[Task data]
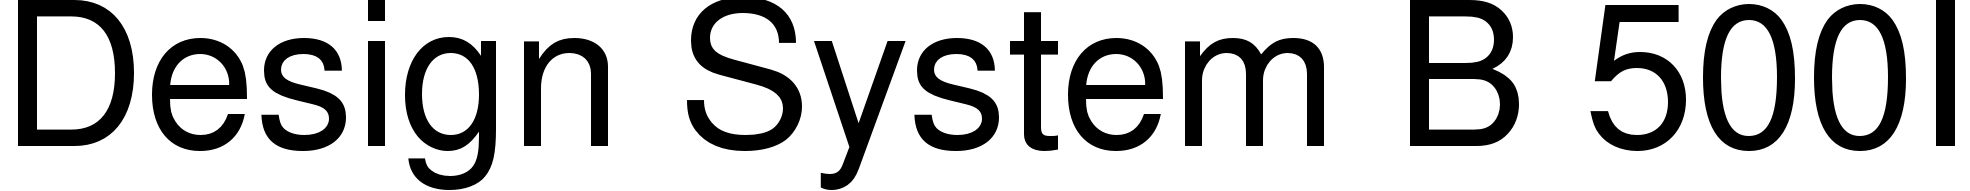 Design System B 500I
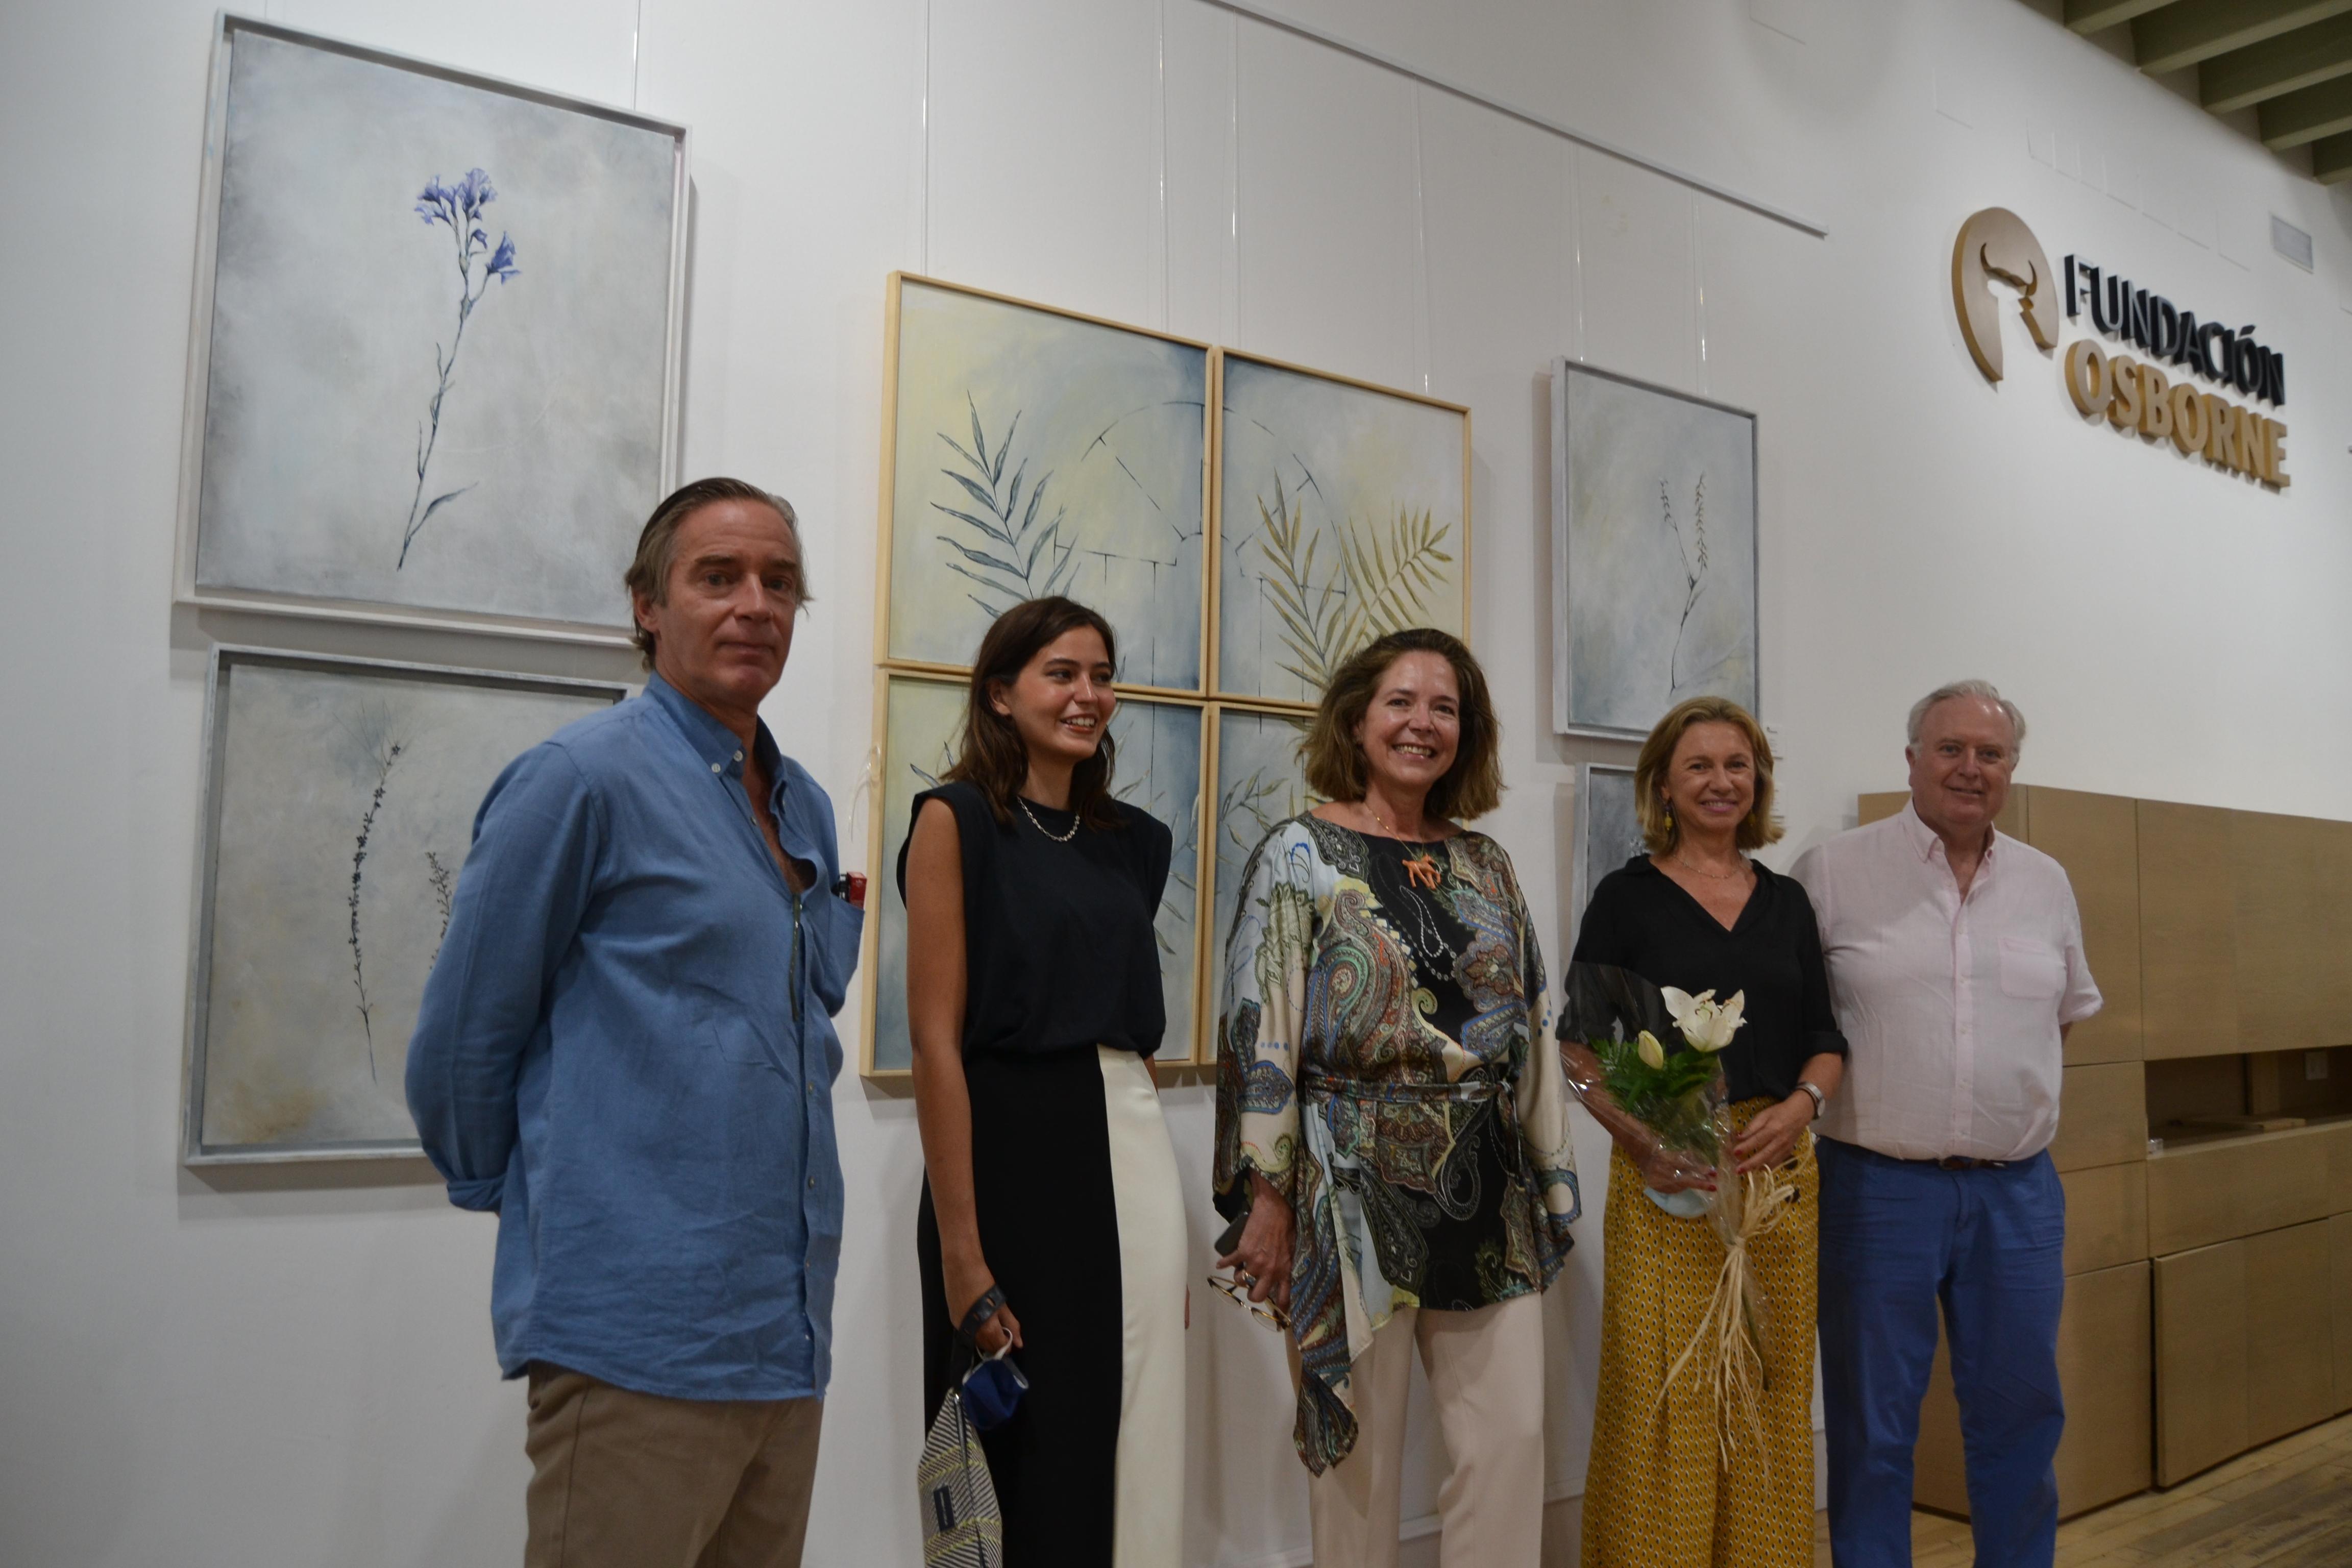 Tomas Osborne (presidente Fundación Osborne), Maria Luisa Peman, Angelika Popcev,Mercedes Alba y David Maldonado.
[/Task data]
[Task data]
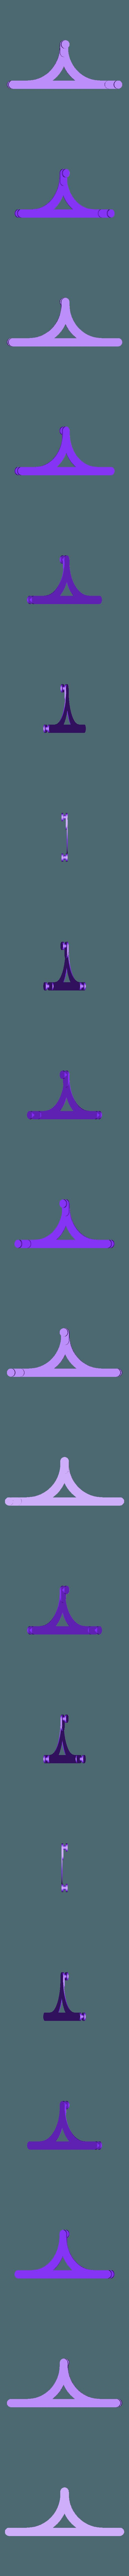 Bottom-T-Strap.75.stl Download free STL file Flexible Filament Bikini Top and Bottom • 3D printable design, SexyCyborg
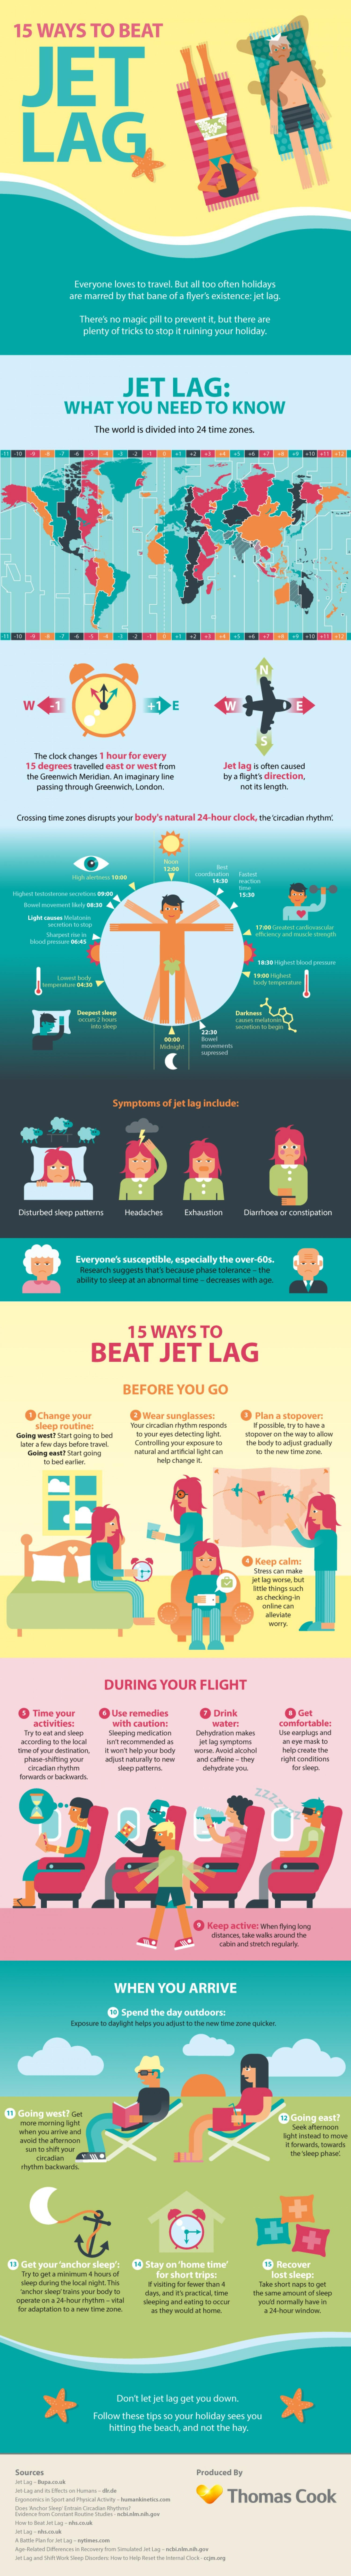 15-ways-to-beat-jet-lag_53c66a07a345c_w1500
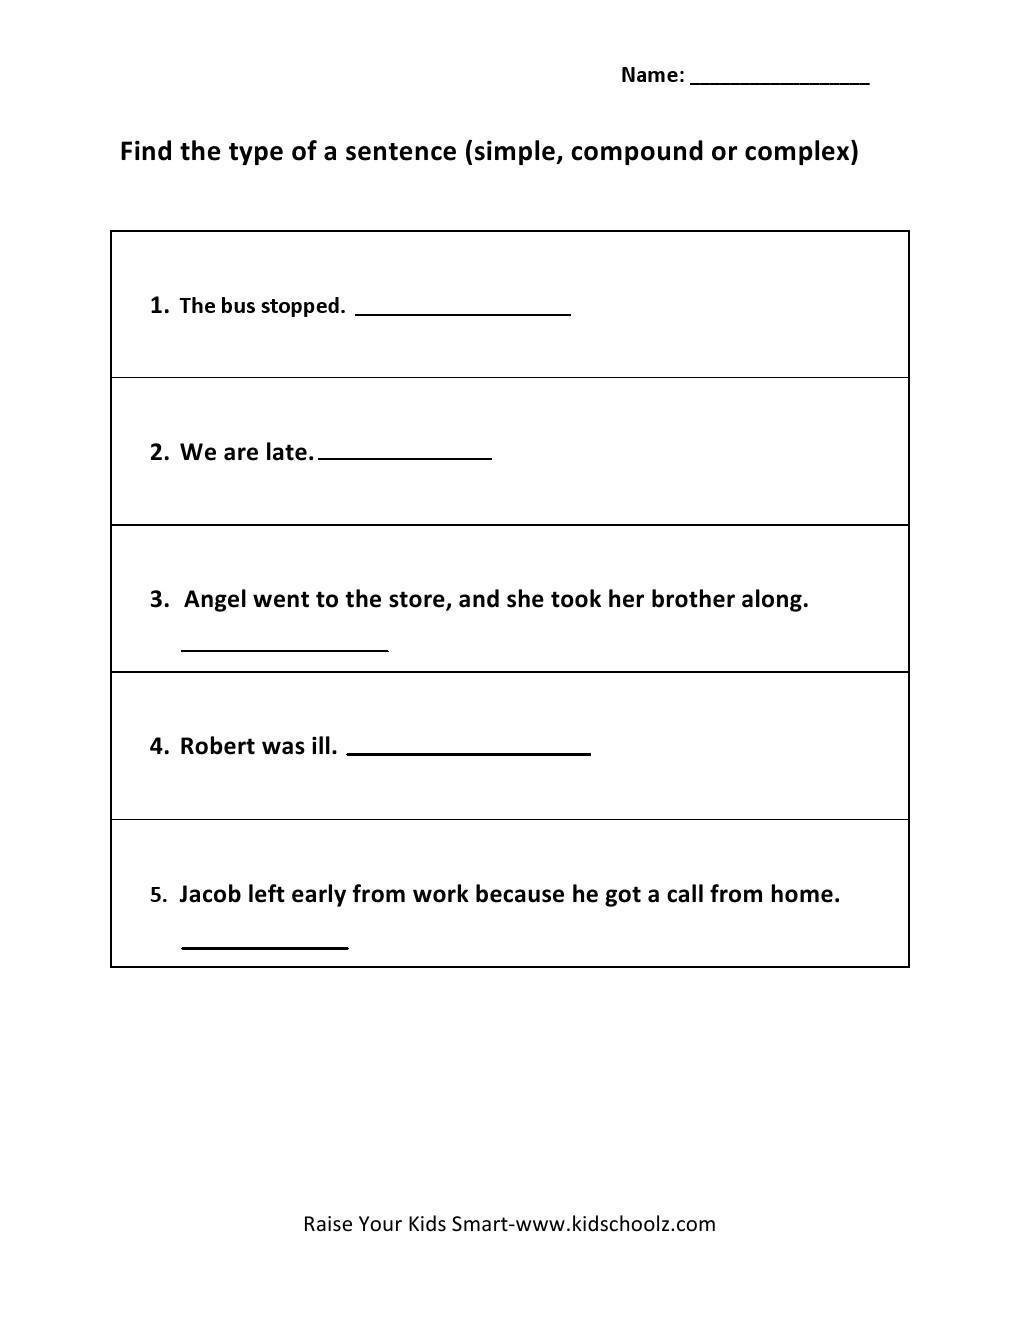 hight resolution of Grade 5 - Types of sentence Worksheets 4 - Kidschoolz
[/Task data]
**What the exercise asks**
Please output, exactly as written, the lines above from the one holding "Design System B 500I" through the one holding "Tomas Osborne (presidente", both included, with the pictures omitted.

**Your response**
 Design System B 500I
 Tomas Osborne (presidente Fundación Osborne), Maria Luisa Peman, Angelika Popcev,Mercedes Alba y David Maldonado.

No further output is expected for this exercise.